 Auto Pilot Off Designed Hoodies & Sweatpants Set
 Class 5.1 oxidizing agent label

...

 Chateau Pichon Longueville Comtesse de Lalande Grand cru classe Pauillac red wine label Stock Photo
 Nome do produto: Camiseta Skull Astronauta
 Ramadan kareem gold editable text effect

--

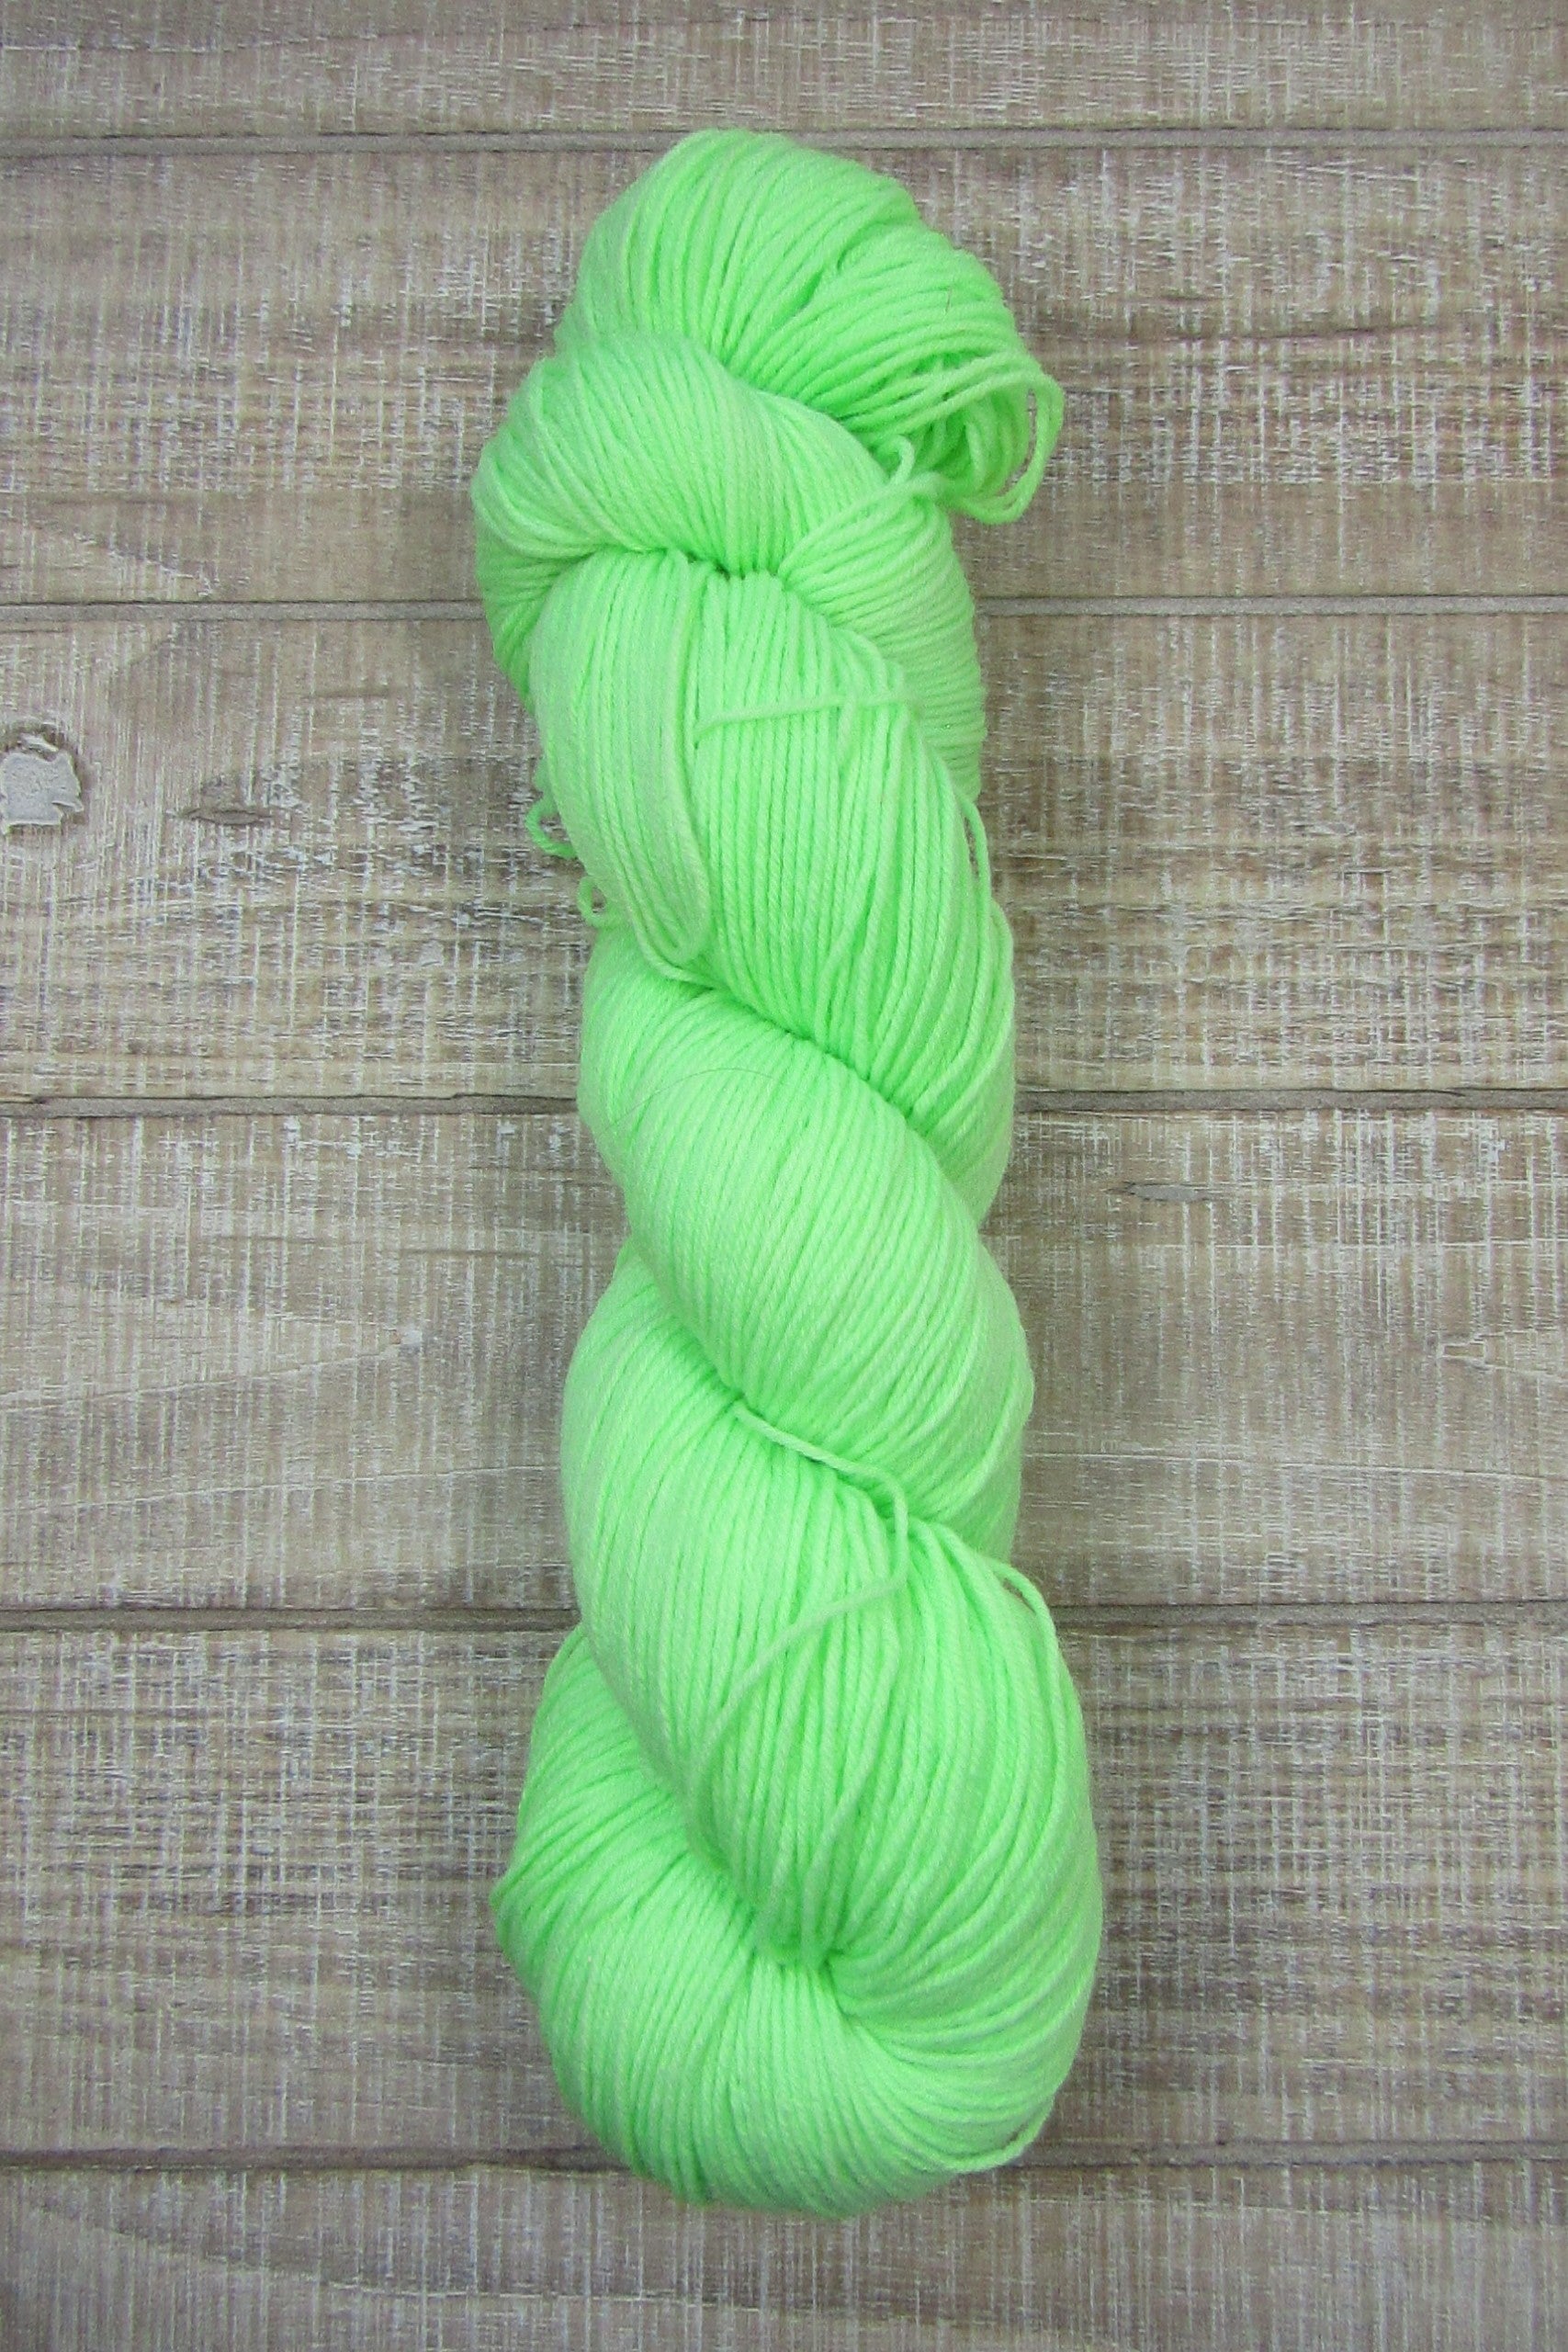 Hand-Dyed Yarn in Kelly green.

#### [Exercise instructions]
Copy all lines from the listing that contain "label".

#### [Solution below]
 Class 5.1 oxidizing agent label
 Chateau Pichon Longueville Comtesse de Lalande Grand cru classe Pauillac red wine label Stock Photo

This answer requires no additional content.